Give all of the listing again word for word, with images excluded.

MATERIAL PROVIDED:
---*---
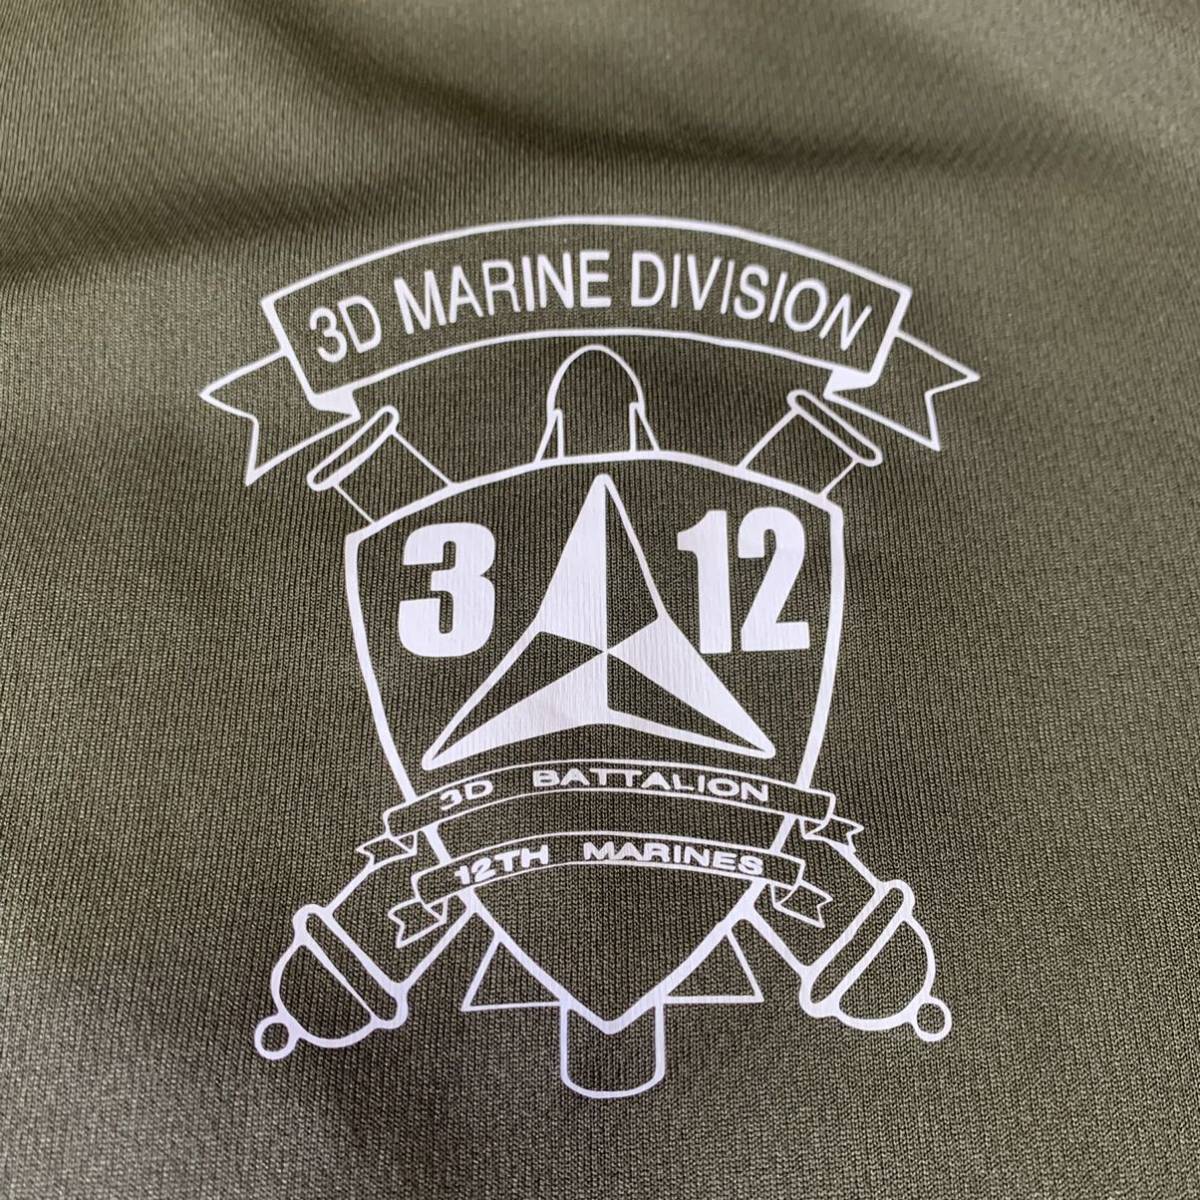  Okinawa вооруженные силы США сброшенный товар USMC MARINE милитари короткий рукав футболка тренировка бег .tore спорт OD ( контрольный номер W49)
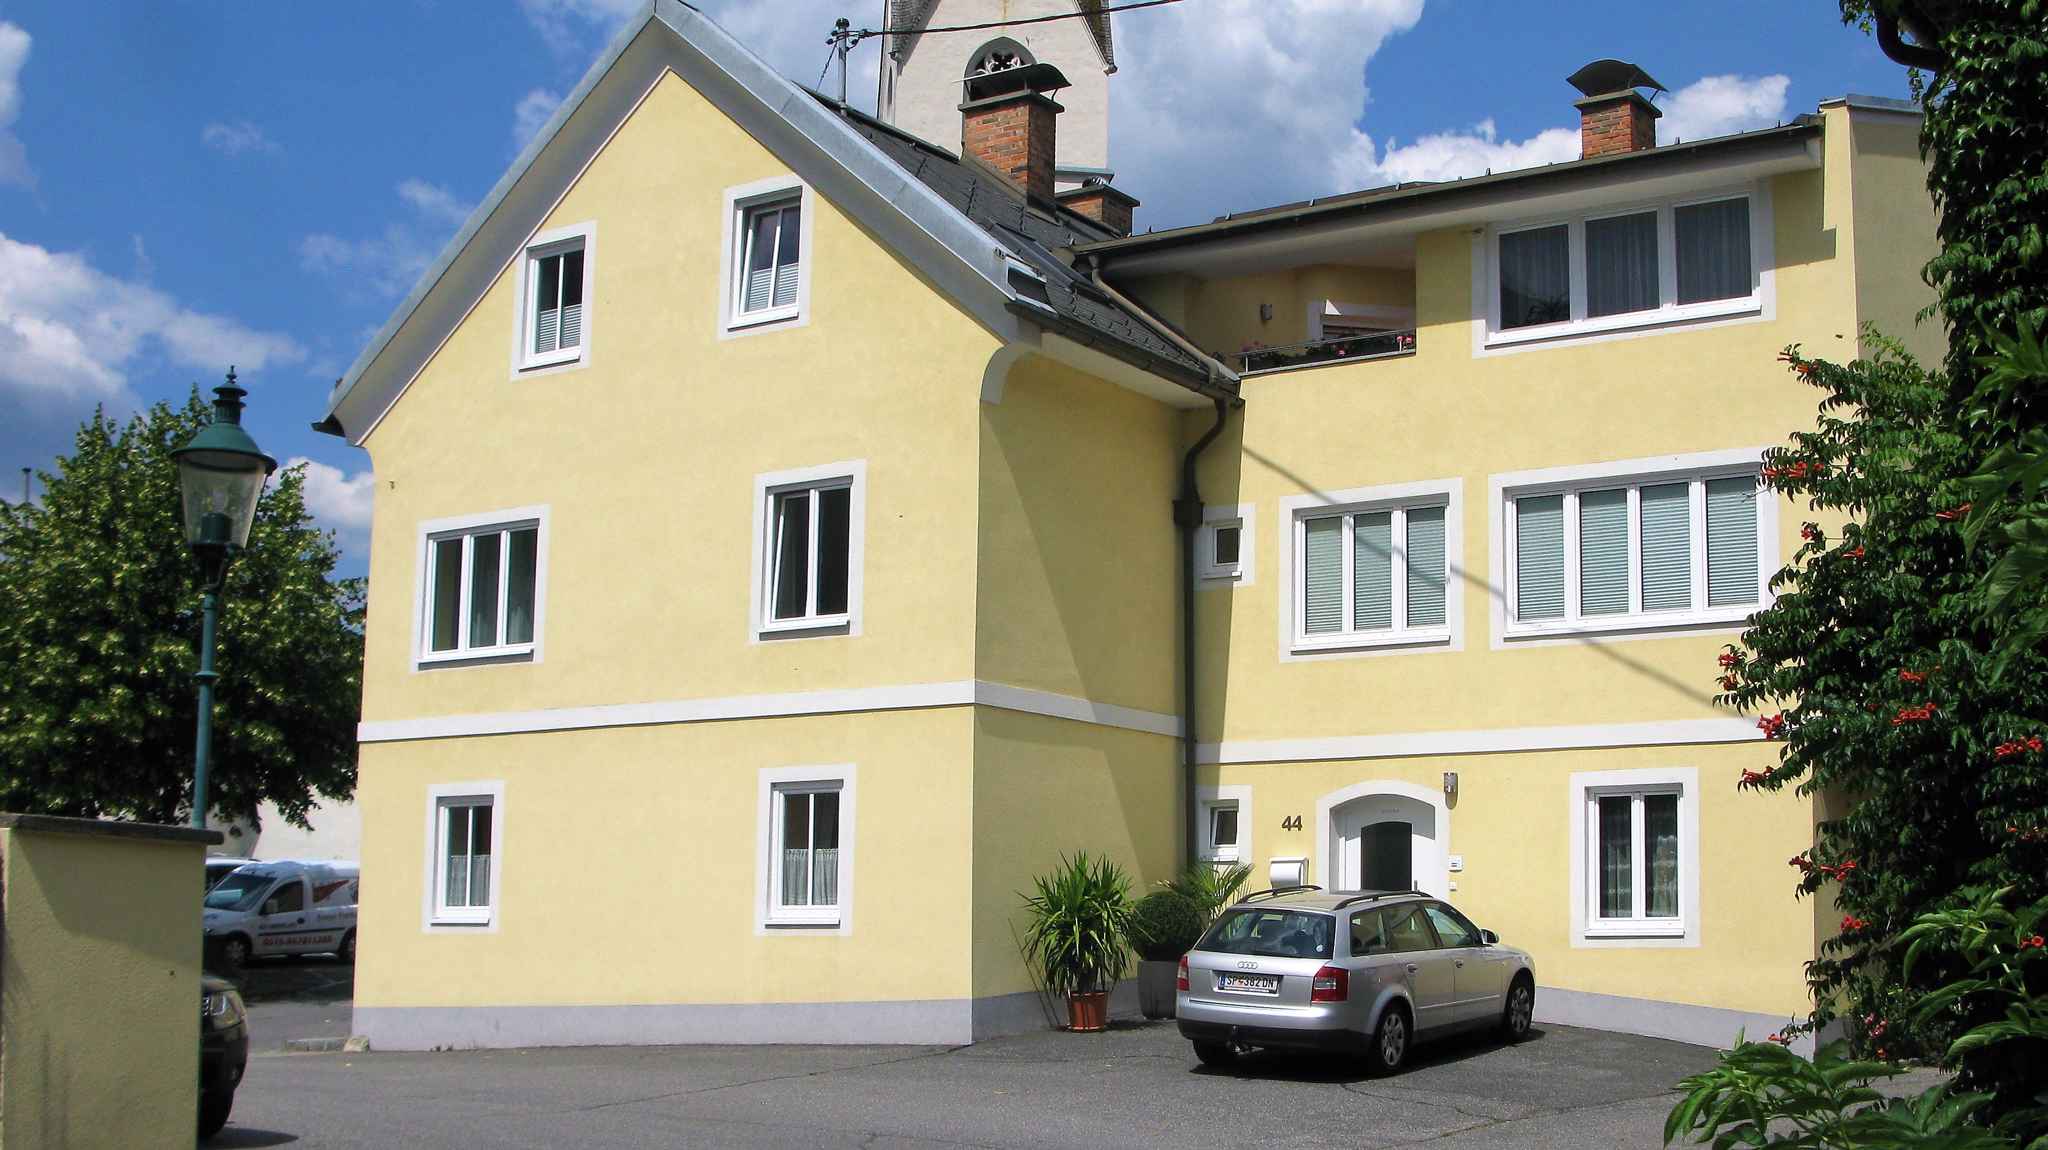 Ferienwohnung im Ortszentrum (480421), Obervellach, , Kärnten, Österreich, Bild 2
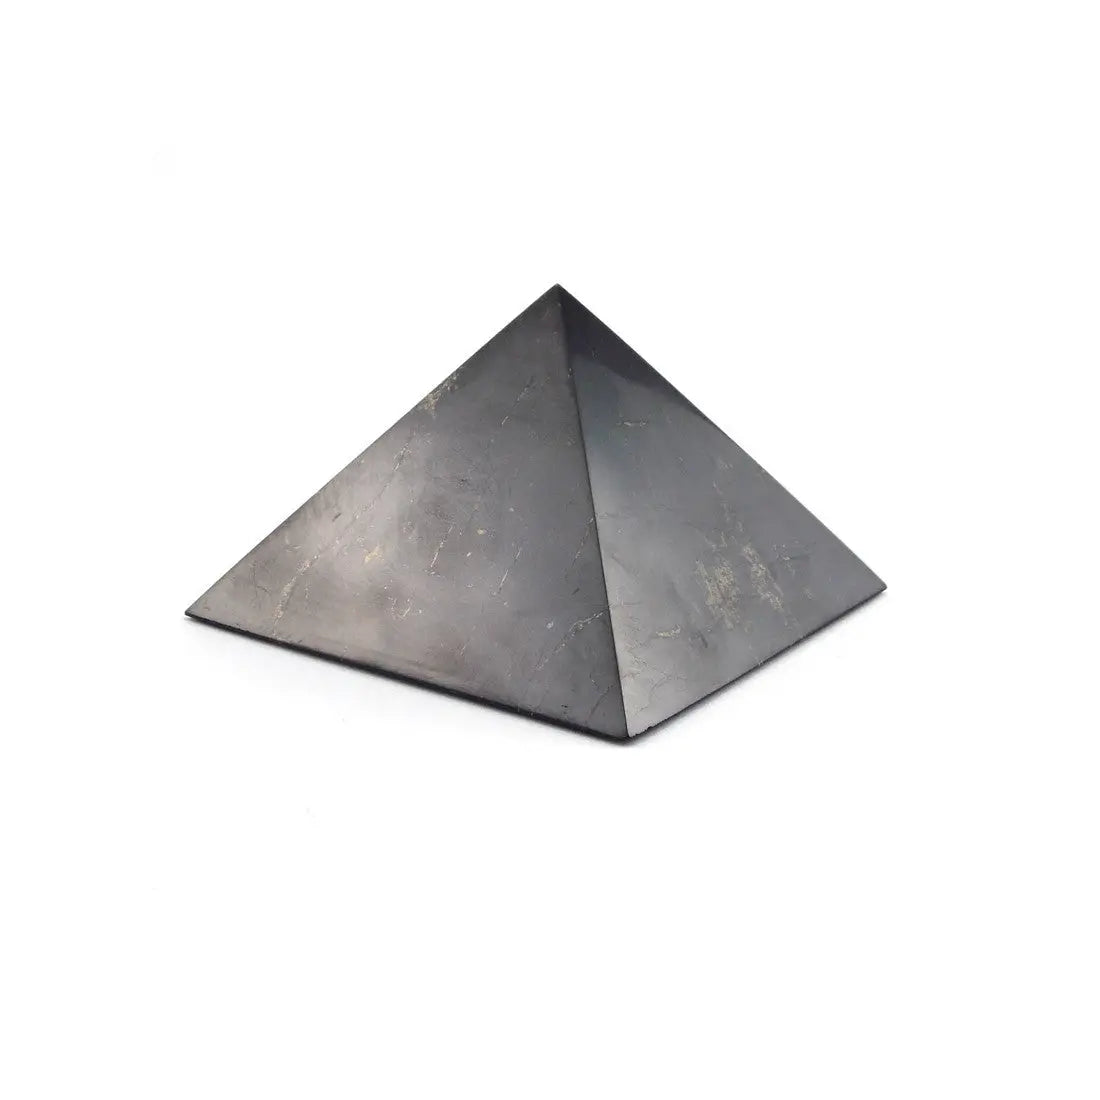 Shungite pyramid 3cm - Spellbound
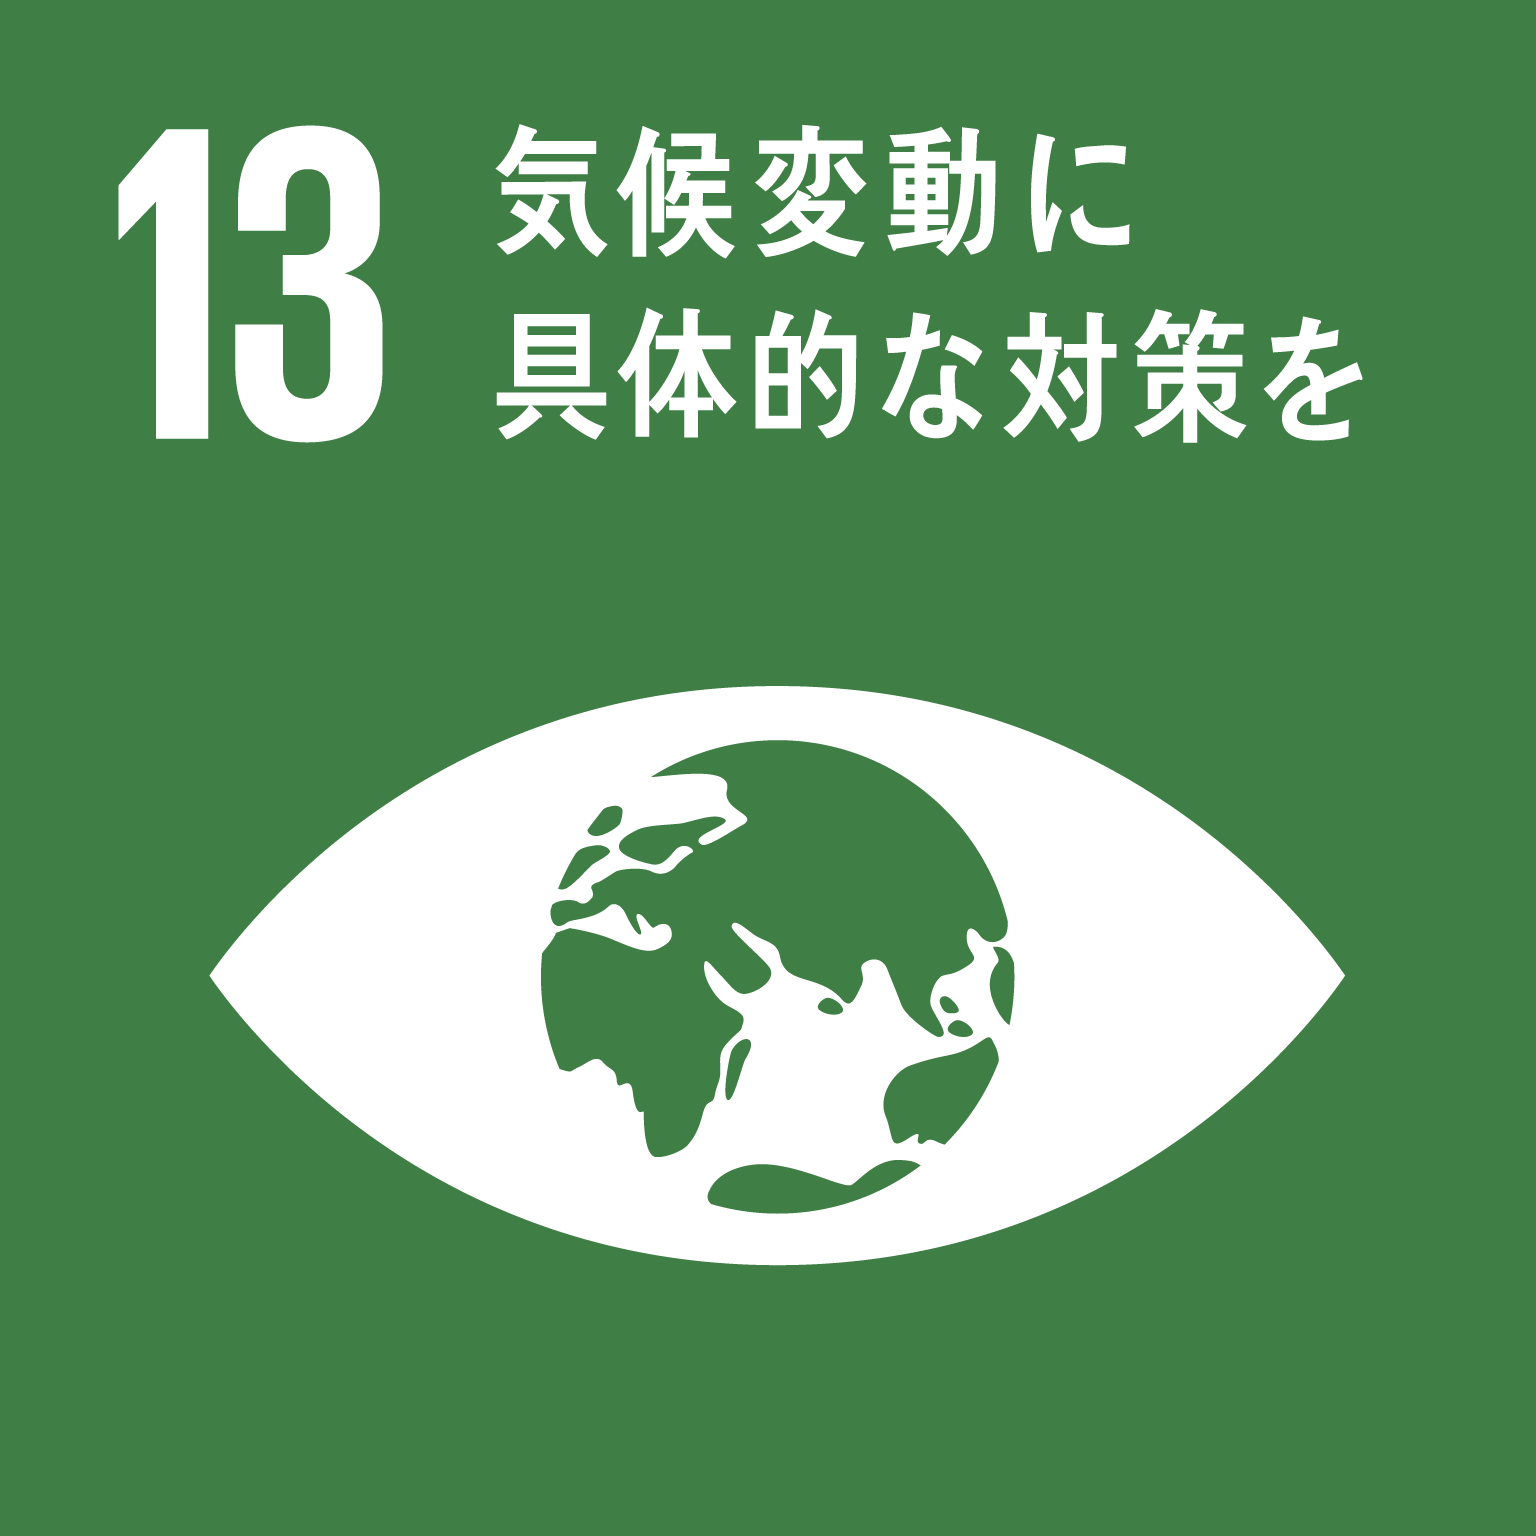 「13.気候変動に具体的な対策を」の文字と目標13のロゴ
---*---
ANSWER SECTION:
  Okinawa вооруженные силы США сброшенный товар USMC MARINE милитари короткий рукав футболка тренировка бег .tore спорт OD ( контрольный номер W49)
 Ferienwohnung im Ortszentrum (480421), Obervellach, , Kärnten, Österreich, Bild 2
 Shungite pyramid 3cm - Spellbound
 「13.気候変動に具体的な対策を」の文字と目標13のロゴ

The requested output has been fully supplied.